Bad exmple of blending

In [92]:
# source images
imname = './images/source.jpg'
penguin = skio.imread(imname) 
imname = './images/rembrandt.jpg'
tahoe = skio.imread(imname)

penguin = sk.img_as_float(penguin)
tahoe = sk.img_as_float(tahoe)

plt.figure(figsize=(16,16))
plt.subplot(1,2,2)
plt.imshow(penguin)
plt.subplot(1,2,1)
plt.imshow(tahoe)
plt.show()

Masks

In [94]:
# masks images
imname = './images/mask.jpg'
penguin = skio.imread(imname) 

penguin = sk.img_as_float(penguin)
plt.imshow(penguin)
plt.show()

Notice that since the source image is aligned with the injection site, we can use only one mask

Result

In [96]:
# source images
imname = './images/out_bad.jpg'
blended = skio.imread(imname) 
imname = './images/pasted_bad.jpg'
pasted = skio.imread(imname)

penguin = sk.img_as_float(blended)
tahoe = sk.img_as_float(pasted)

plt.figure(figsize=(16,16))
plt.subplot(1,2,2)
plt.imshow(blended)
plt.title("belnded")
plt.subplot(1,2,1)
plt.imshow(pasted)
plt.title("naive")
plt.show()

Even though Possion blending tried its best and managed to blend parts of the image, this example didn't work so well. My guess is the reason for it has to do with 2 facts. The lighting in the two images is too different. the source of light in the two images are on opposite sides so the gradients were not agreeble enough. Also the source image gradients around the borders of the mask are False values. The source image has a white background with the image of the man inserted into that white background artificially.
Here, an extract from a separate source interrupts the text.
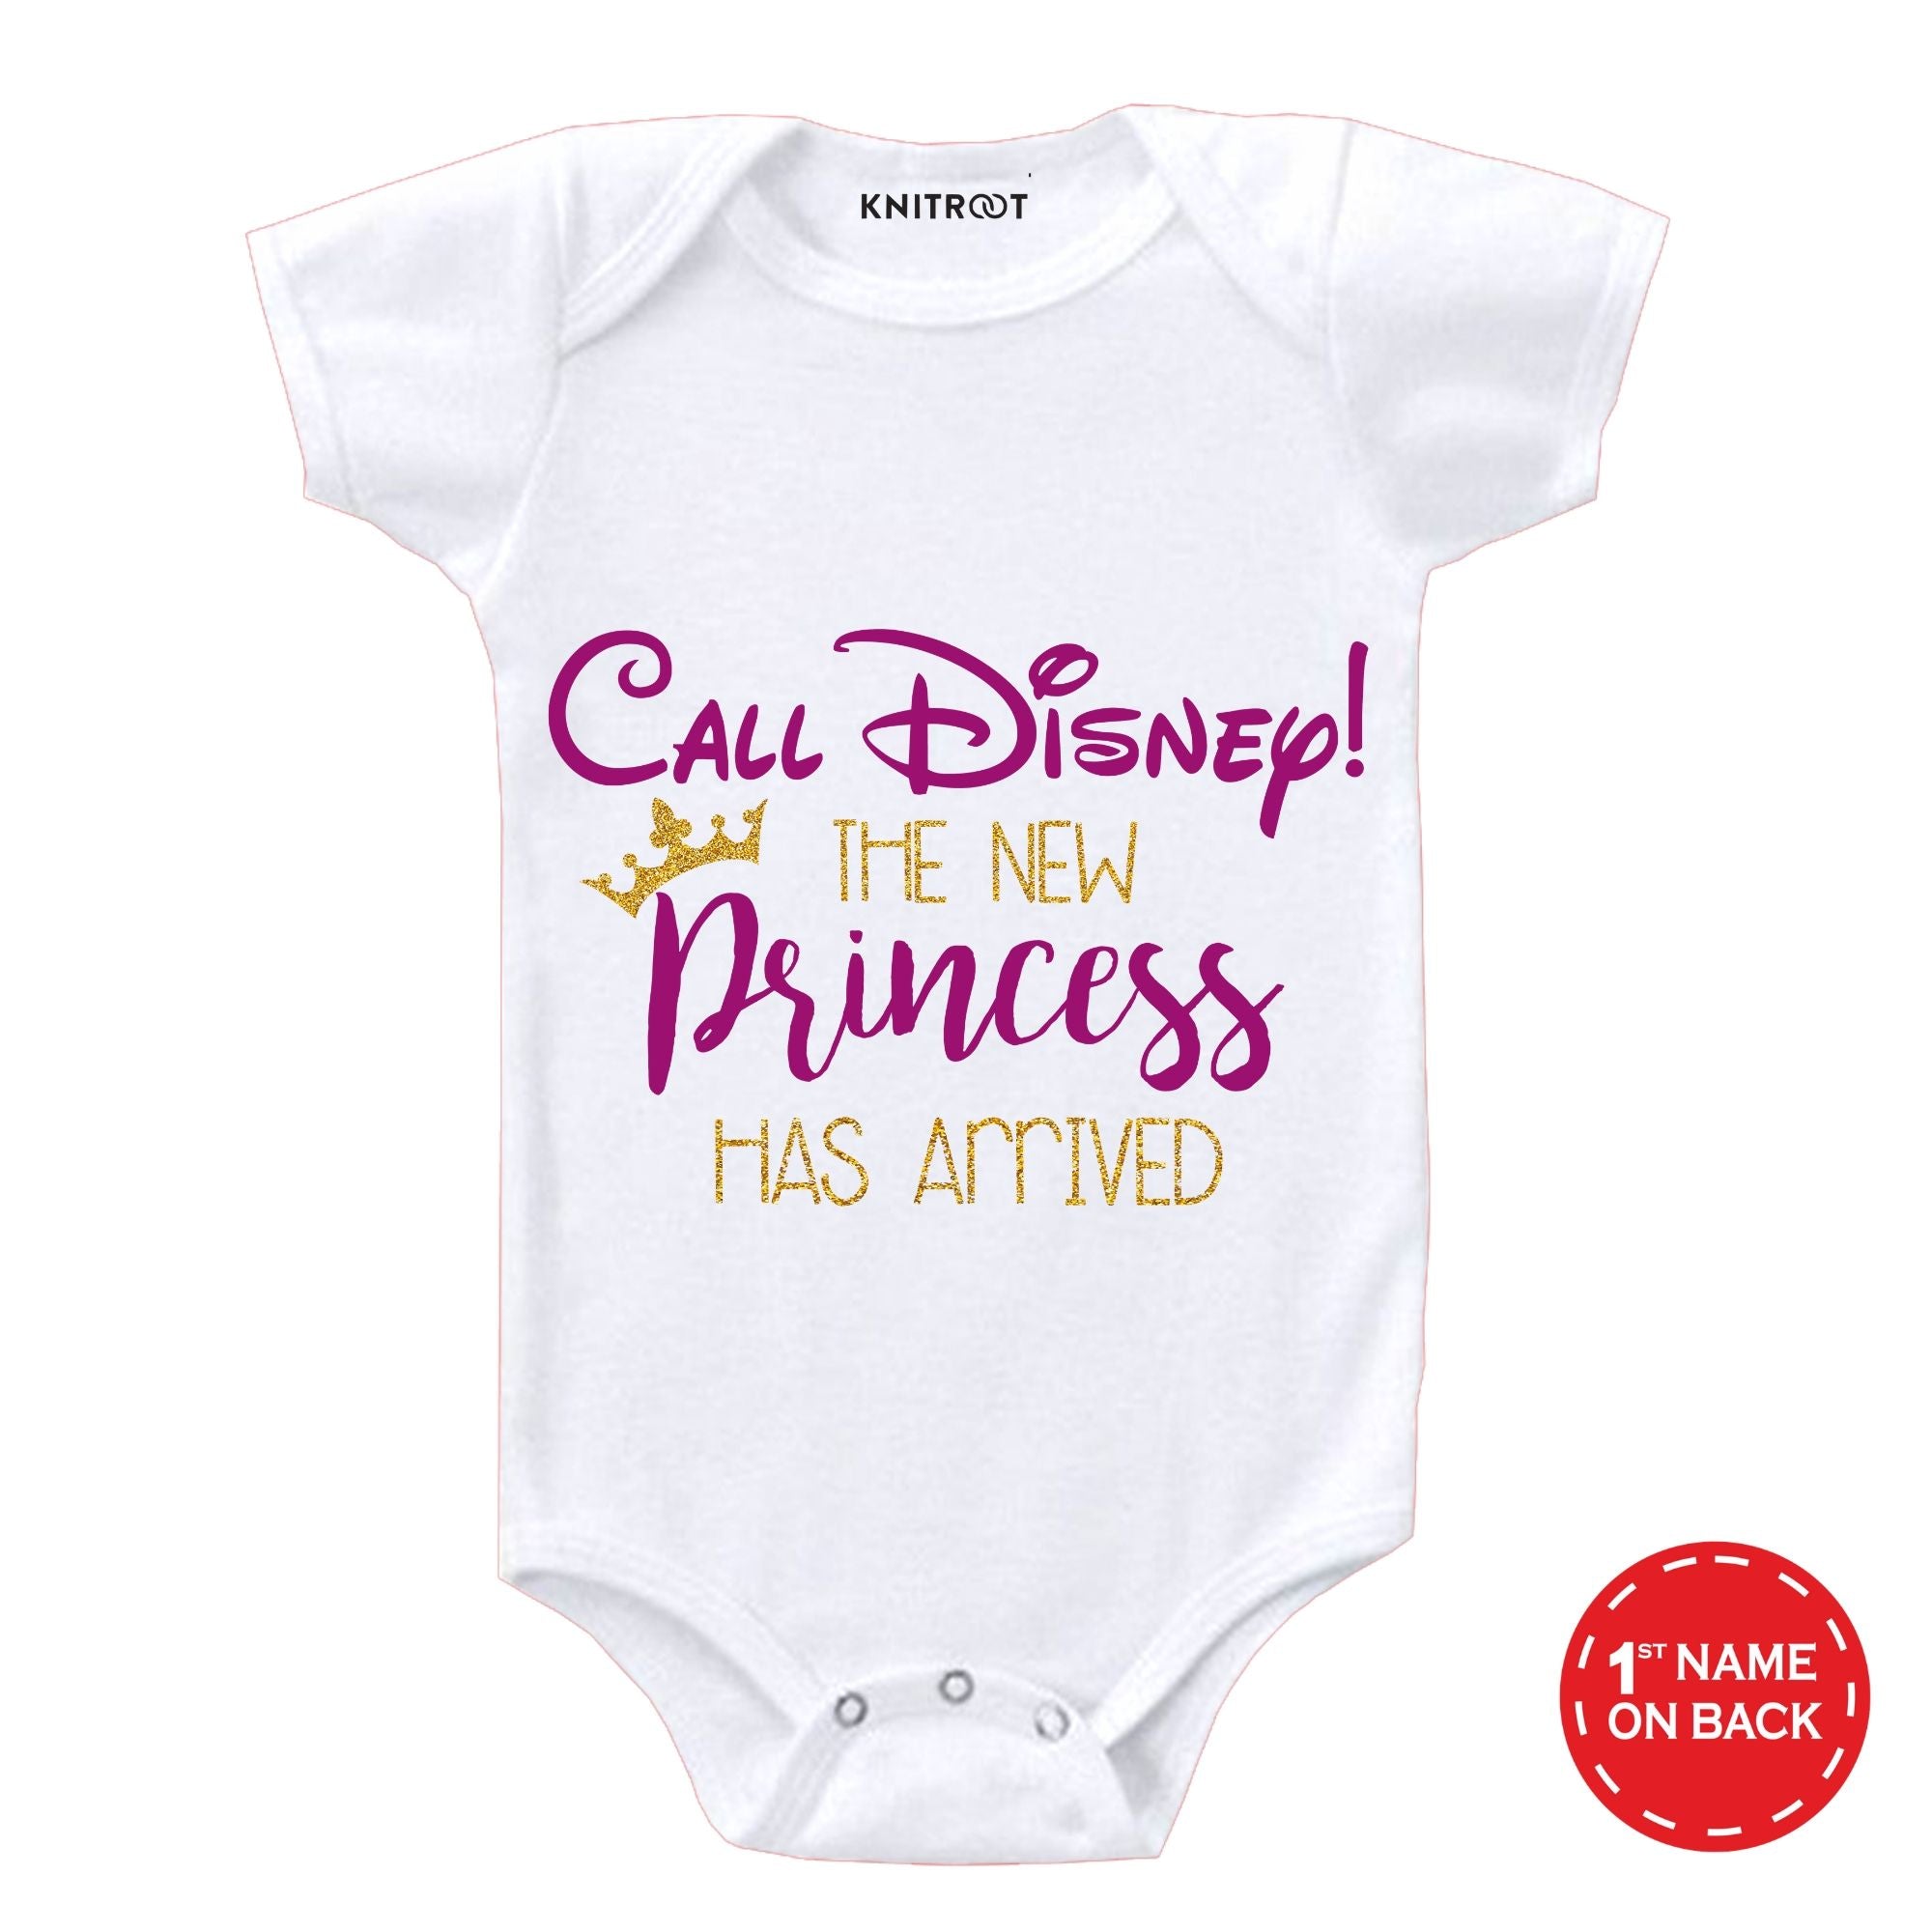 Call Disney! New Princess Has Arrived Onesie

That means that the gradients around the borders of the mask in the source image don't capture the changes in the lighting of the image quite right.

For the last part I will compare the cyclops blending using the two different methods

In [102]:
imname = './images/posion_eye.jpg'
imname = './images/eyes_blended.jpg'
blended = skio.imread(imname) 
imname = './images/eyes_pasted.jpg'
pasted = skio.imread(imname)

poisson = sk.img_as_float(poisson)
blended = sk.img_as_float(blended)
pasted = sk.img_as_float(pasted)


plt.figure(figsize=(16,16))
plt.subplot(1,3,1)
plt.imshow(poisson)
plt.title("possion")
plt.subplot(1,3,2)
plt.imshow(blended)
plt.title("multiresolution")
plt.subplot(1,3,3)
plt.imshow(pasted)
plt.title("naive")
plt.show()

Comparison Conclusion

Multi resolution blending seems to be doing better thatn possion blending here, because here we don't actually want the eye to be following the same color pattern as the forehead, which is what possion is doing. We watn the edges of the eye (the seem) to be smoothed out with the forehead but we want to keep the colors of the eye intact so that it looks similar to the other two eyes.